Razu pew­ne­go Ksią­żę Hen­ryk, Bro­da­tym zwany wy­pra­wił się był na łowy ze świtą swoją w pod­trzeb­nic­kie lasy. Dwo­rza­nie za­pę­dziw­szy się za turem nie­opatrz­nie, od­dzie­li­li się od Księ­cia, któ­re­mu koń zgu­biw­szy pod­ko­wę oku­lał.
Spra­gnio­ny i głod­ny Ksią­żę wlókł się przez gęsty las, pro­wa­dząc za sobą oku­la­łe­go konia. Owóż nagle na­tra­fił w gąsz­czu na małą kuź­nię nad sta­wem po­bu­do­wa­ną, gdzie Ksią­żę po­pro­sił o popas. Kuź­ni­czy­cha w cza­sie gdy jej mąż kowal pod­ku­wał ksią­żę­ce­go konia, na­po­iła Księ­cia i ura­czy­ła na­pręd­ce uwa­rzo­ną po­tra­wą. Było to sie­ka­ne mięso za­wi­nię­te w li­ście po­krzy­wy ro­sną­cej za oknem chaty, udu­szo­ne w cze­re­śniach z po­bli­skie­go sadu, okra­szo­ne mio­dem z wła­snej barci i ob­fi­cie za­pra­wio­ne tu­rec­kim pie­przem od kup­ców arab­skich na­by­tym. Ksią­żę jadł, gło­śno chwa­ląc smak po­tra­wy i czę­sto do michy do­bie­ra­jąc no­wych por­cji.

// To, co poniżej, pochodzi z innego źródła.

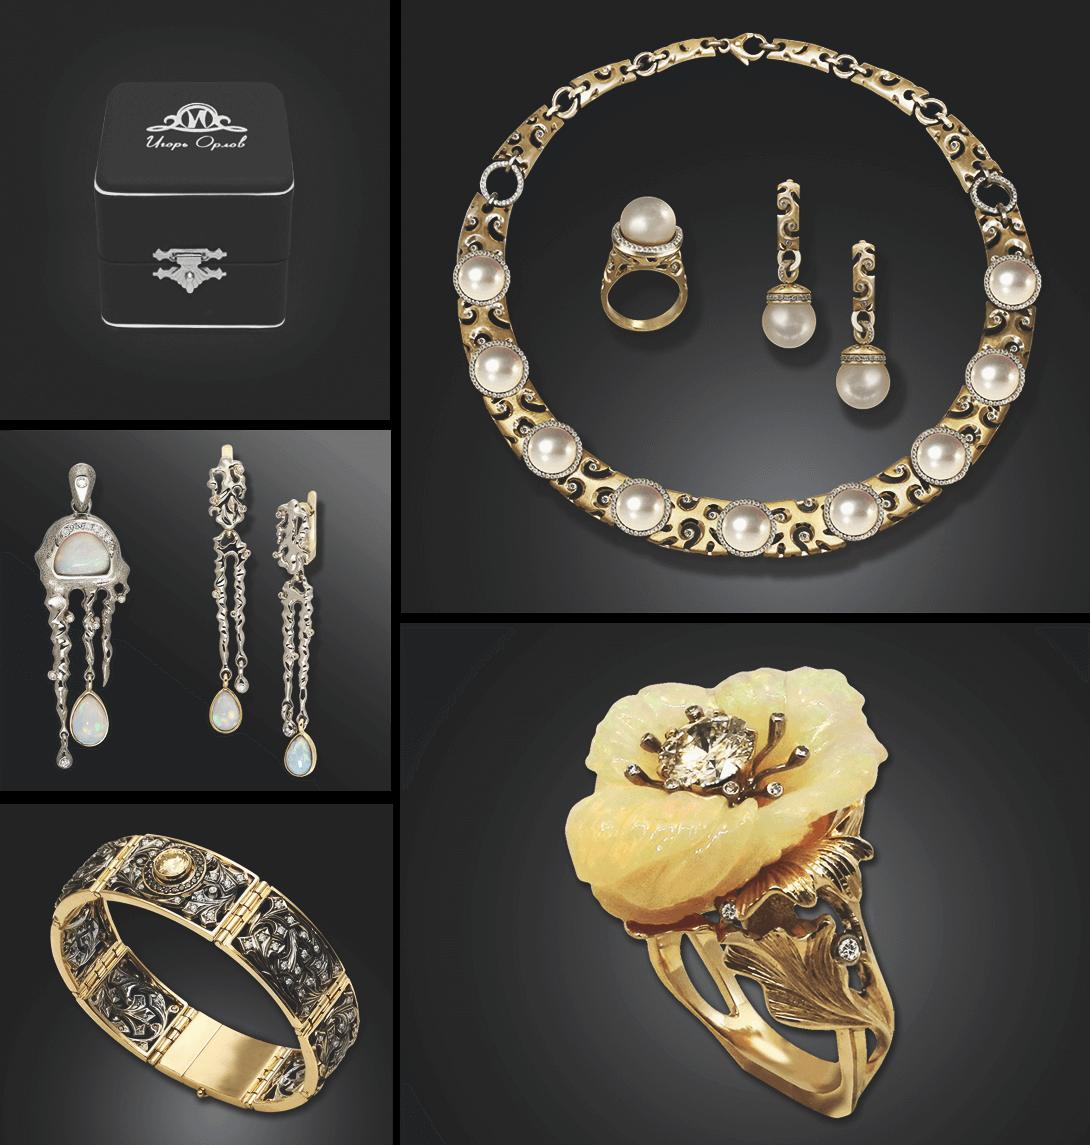 36349e124506 Так как Игорь Орлов изготавливает различные украшения (кольца, серьги,  браслеты, колье, кулоны, ...

Po­dzię­ko­waw­szy, Ksią­żę w na­gro­dę za pomoc i iście kró­lew­skie po­trak­to­wa­nie nadał osa­dzie licz­ne przy­wi­le­je, herb i nazwę – Kuź­ni­czy­sko.

Po szczę­śli­wym po­wro­cie do Trzeb­ni­cy, Ksią­żę wy­pra­wił ucztę, na któ­rej po­tra­wa zwana odtąd „za­wi­ja­sy kuź­ni­czy­skie” przo­do­wa­ła na sto­łach bie­siad­nych, wzbu­dza­jąc za­chwyt i po­dziw dla umie­jęt­no­ści ku­char­skich pro­stej żony ko­wa­la.